What you need to do
Please give the listing again in full, leaving out its images.

Source material
━━━
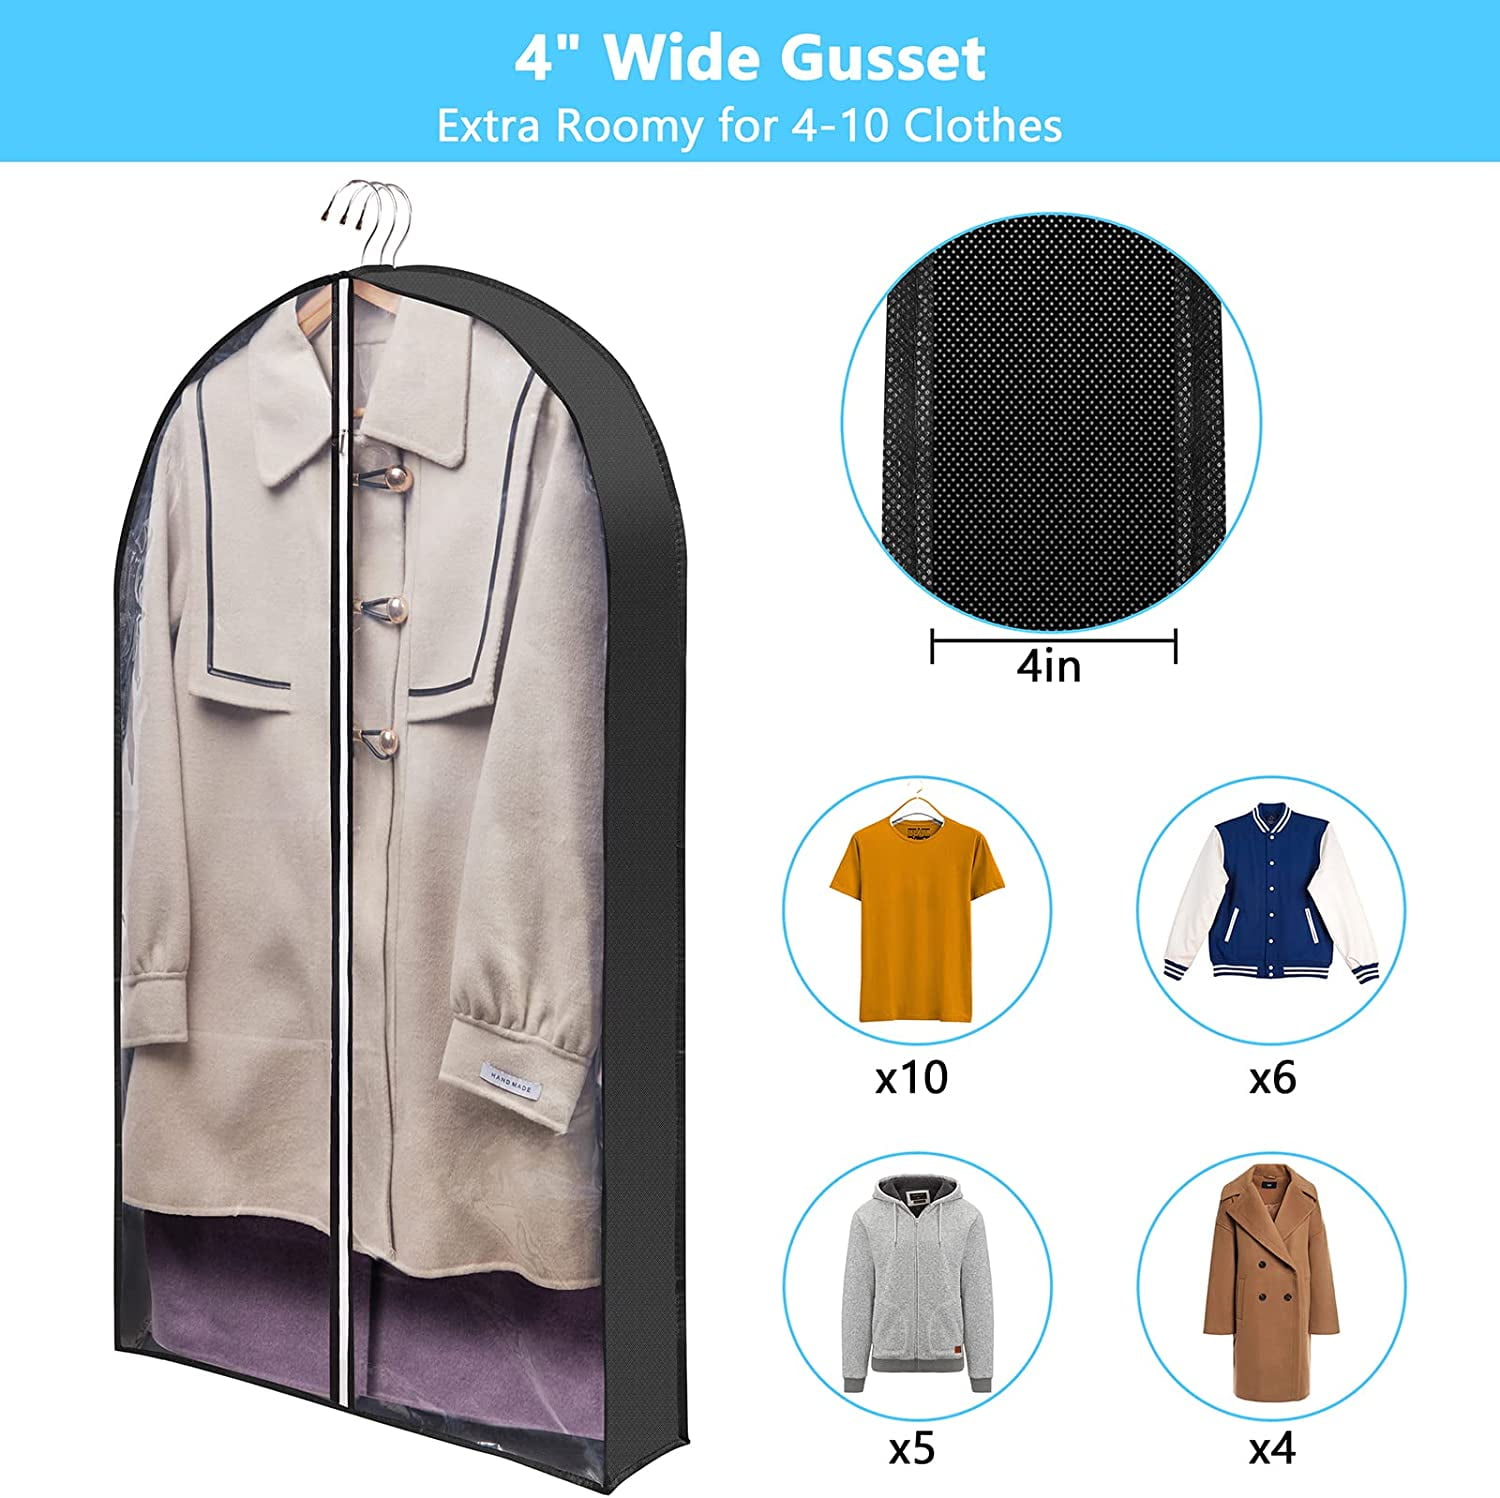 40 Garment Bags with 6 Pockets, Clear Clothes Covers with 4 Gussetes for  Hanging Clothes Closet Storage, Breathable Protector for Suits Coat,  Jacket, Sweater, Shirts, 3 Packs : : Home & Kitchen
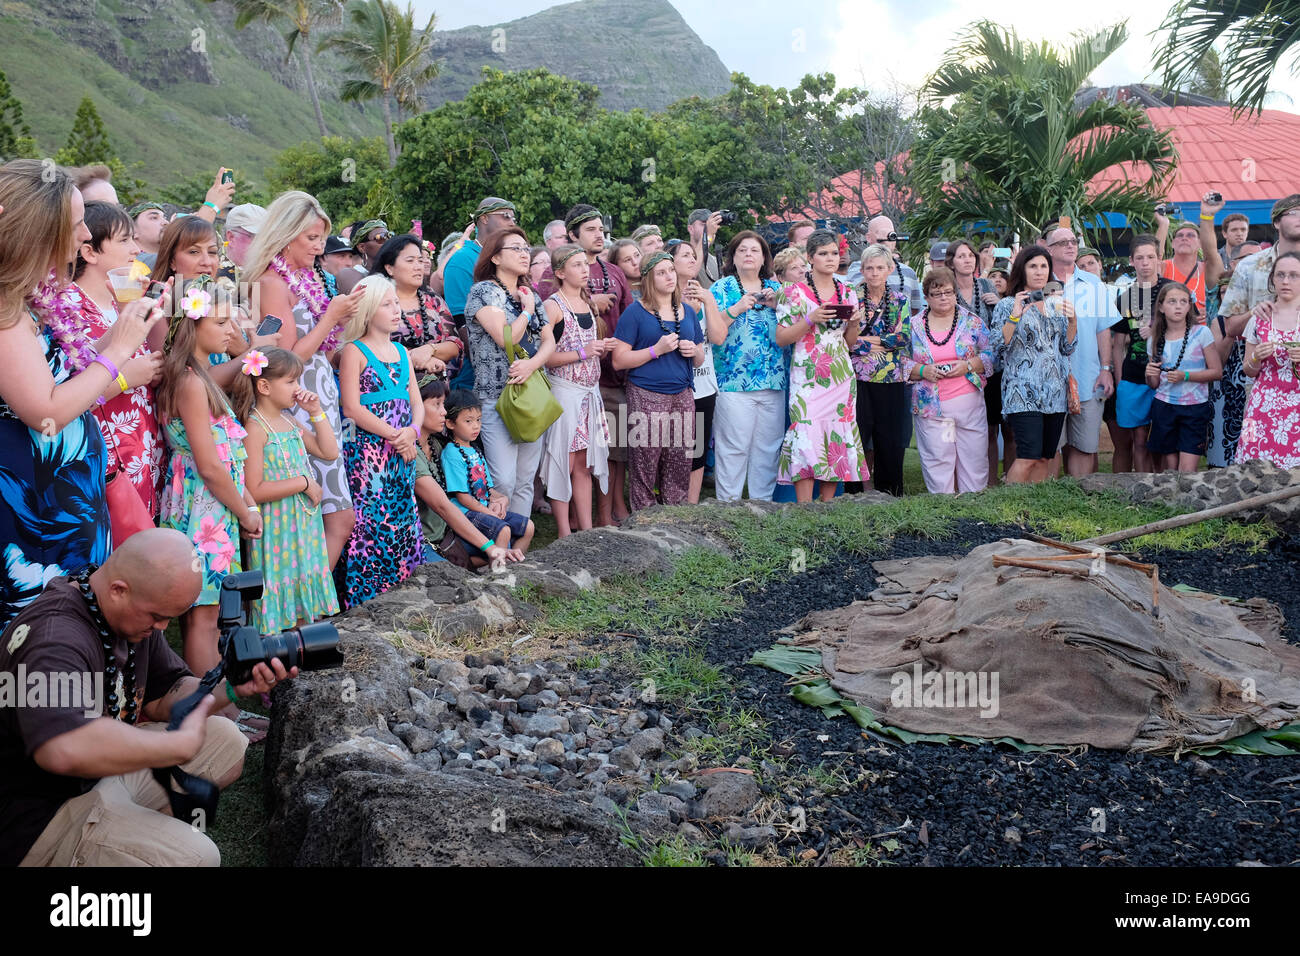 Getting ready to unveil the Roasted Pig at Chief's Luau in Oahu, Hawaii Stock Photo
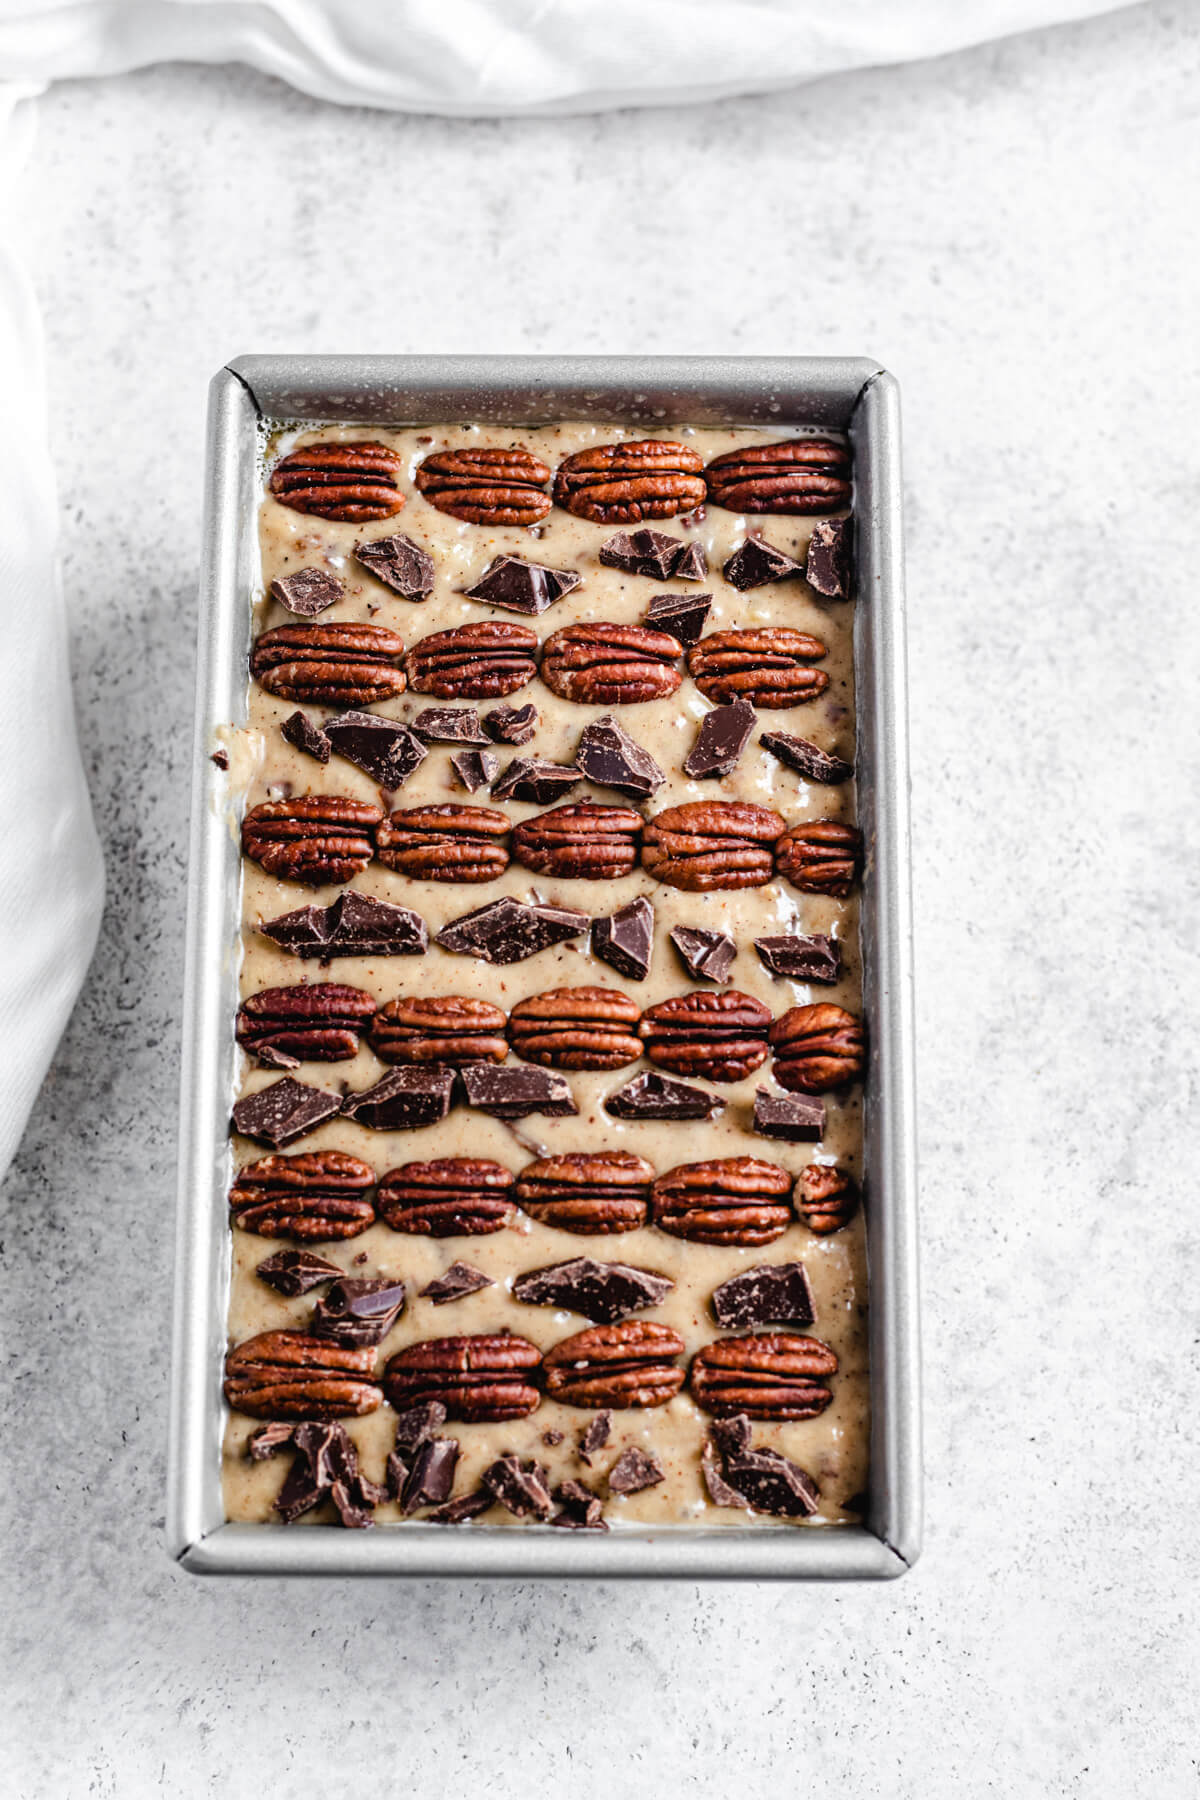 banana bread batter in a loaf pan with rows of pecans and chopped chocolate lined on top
━━━
Solution to this exercise
 40 Garment Bags with 6 Pockets, Clear Clothes Covers with 4 Gussetes for  Hanging Clothes Closet Storage, Breathable Protector for Suits Coat,  Jacket, Sweater, Shirts, 3 Packs : : Home & Kitchen
 Getting ready to unveil the Roasted Pig at Chief's Luau in Oahu, Hawaii Stock Photo
 banana bread batter in a loaf pan with rows of pecans and chopped chocolate lined on top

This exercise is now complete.